Они еще долго ходили неподалеку от больницы. Людей было мало. Кто-то перешел улицу и скрылся в тени больничного забора. Люсе показалось — Никишин.
— Андрей за нами ходит, — сказала она.
— Болтнул спьяна лишнее, теперь мучается, — сказал Стельмах и крикнул: — Андрей, давай сюда! Она уже на тебя не сердится.
Никто не отозвался.
— Тебе показалось, — сказал Стельмах.
— Да нет, это Никишин. Точно — он.
Они пошли к общежитию.
— Поздно уже, — заметила Люся. — Прощаться пора.
— Ты и вправду выходишь за меня? — спросил Стельмах.
— Вправду.
— И что свадьба послезавтра — тоже вправду?
Вместо ответа она крепко обняла его и поцеловала.
Заседание бюро шло в кабинете первого секретаря. Алексей хорошо знал эту большую очень высокую комнату с огромными выходящими на запад венецианскими окнами. Тяжелый письменный стол Гордиенко — прямо против двери, в глубине. Два других — длинных, покрытых зеленым сукном — расположены справа и слева от него.
В приемной сидели люди. Они волновались. Внешне это волнение выражается у каждого по-своему. Один сидит молча, насупившись, другой то и дело выходит покурить, третий шагает все время из угла в угол, вот как этот, полный, с гладко выбритой головой. Алексей уже знал, что это вновь назначенный директор зернотреста, что его кандидатуру должны сегодня утверждать.
Из кабинета вышел Шульгин. Он направился к выходу, но заметил Алексея и остановился, протянул руку.
— Здравствуйте, Алексей Платонович. Волнуетесь?
— Как все, — сказал Корепанов, отвечая на крепкое рукопожатие.
— Ничего, — улыбнулся Шульгин. — Обойдется.
— Бюро обкома все-таки.
— Понимаю, понимаю. А вы не волнуйтесь.
— Постараюсь.
У него и в самом деле стало спокойно на душе. «Вот что значит доброе слово, — подумал он. — Психотерапия нужна, видимо, не только в медицине. И кто знает, где она больше нужна».

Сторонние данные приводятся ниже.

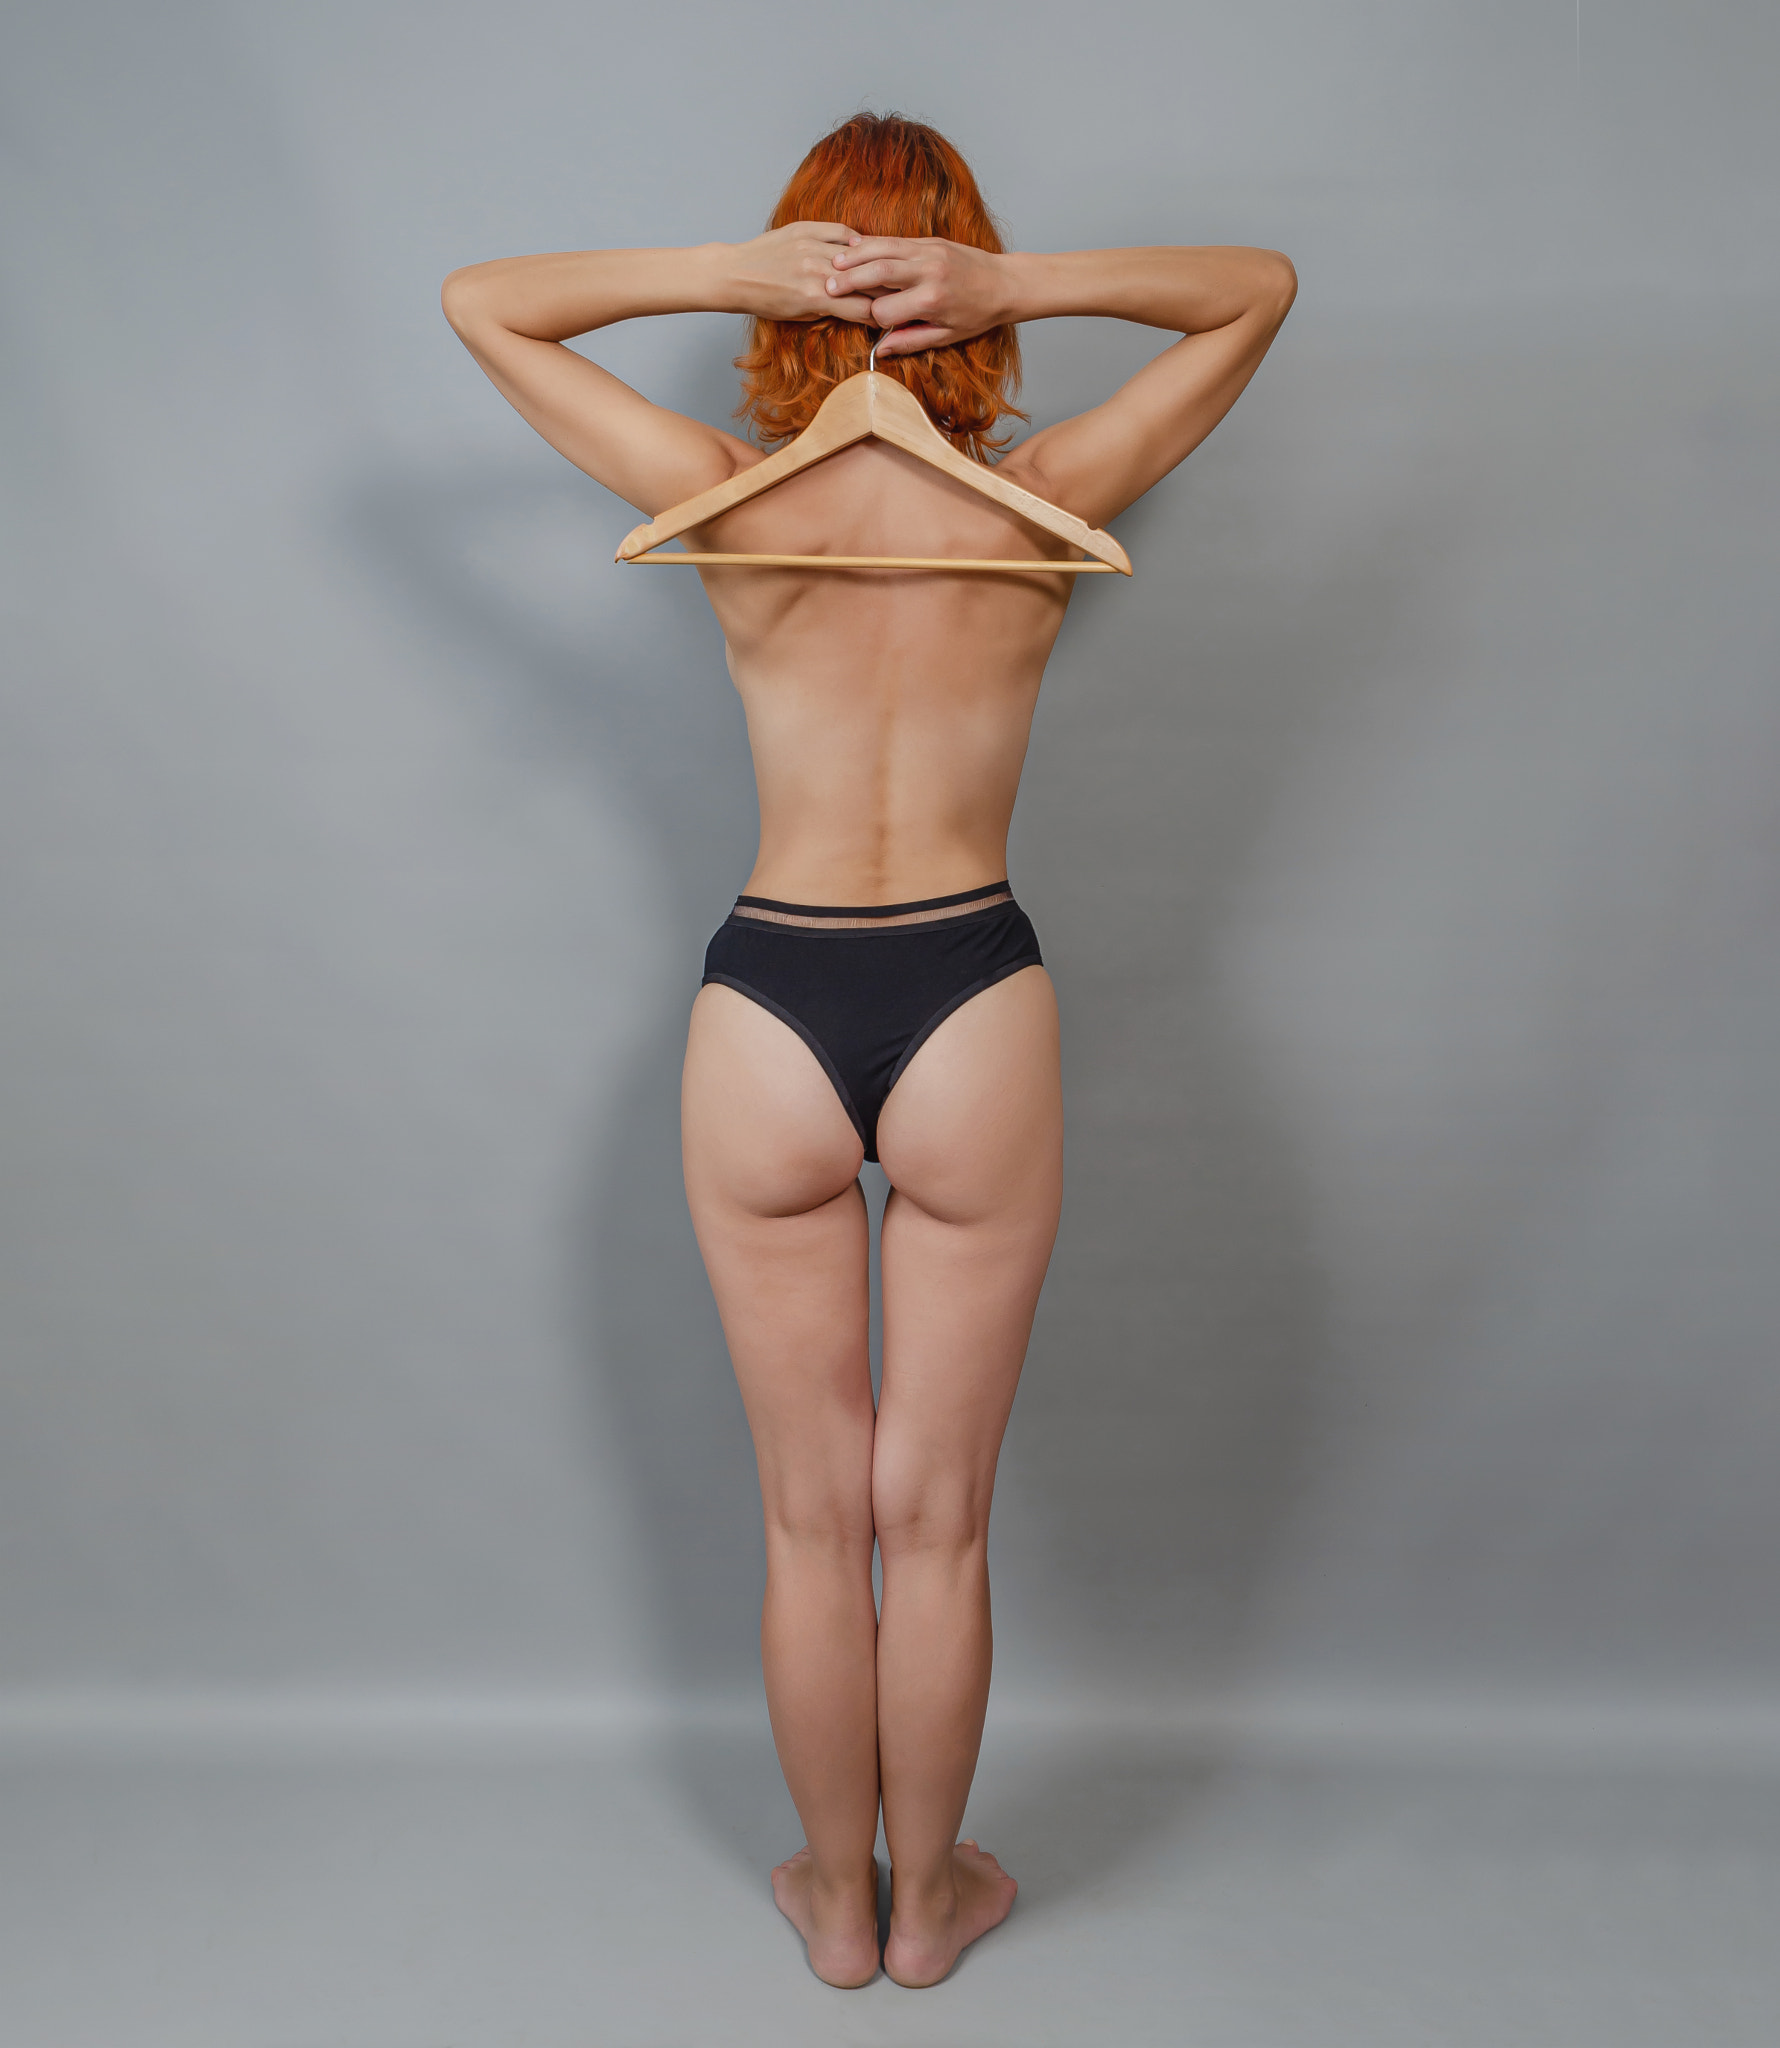 Health of the back, spine. The concept of slimness. A naked young woman holds an empty hanger

А через несколько минут Шульгин, возвращаясь, прошел мимо, даже не глянув на Алексея, и Корепанову опять стало не по себе.
«Это во мне страх говорит, — досадовал он. — И от него никак не избавиться. А ведь страха не должно быть. Уважение? Да! Гордость за то, что тобой руководят умные и решительные люди? Да! Уверенность в том, что, если оступишься, тебя поддержит крепкая дружеская рука? Да! Да!.. А страха не должно быть. Страх — это как смертельный яд. Он леденит душу, парализует движения, сковывает инициативу, преждевременно старит и преждевременно сводит в могилу… Ну, скажем, у меня еще есть основания для тревог. Меня собираются наказать, отстранить от работы, без которой мне будет тяжело. Могут и под суд отдать… Но почему он так встревожен, этот шагающий из угла в угол толстяк? Боится, что не утвердят его кандидатуру? Может быть. Это волнует. Вот Бритван до сих пор не забыл, что его не утвердили.
Время тянулось медленно. Наконец вышел Мильченко.
— Заходи, Алексей Платонович.
Алексей вошел, поздоровался. Ему показалось, что ответил только Гордиенко.
— Садись, — шепотом, у самого уха, сказал Мильченко.
Алексей взял стул, передвинул немного вперед и сел.
— Докладывайте, — сказал Гордиенко.
Он глядел на Корепанова, и Алексей поднялся.
— Я? — спросил он.
— Садитесь, товарищ Корепанов, — улыбнулся Гордиенко. — Это я товарищу Мильченко.
Тот начал докладывать, и Алексей только сейчас сообразил, что Олесь Петрович сидит где-то позади.
«Это, должно быть, очень смешно выглядело, когда я вскочил, — думал он. — Как могло мне взбрести в голову? Просто я растерялся. И это потому, что все на тебя смотрят, а ты не знаешь, куда девать руки, ноги… И куда смотреть — тоже не знаешь… И в самом деле, куда смотреть? Вообще-то полагается смотреть на докладчика, но если тот позади? Буду глядеть прямо перед собой».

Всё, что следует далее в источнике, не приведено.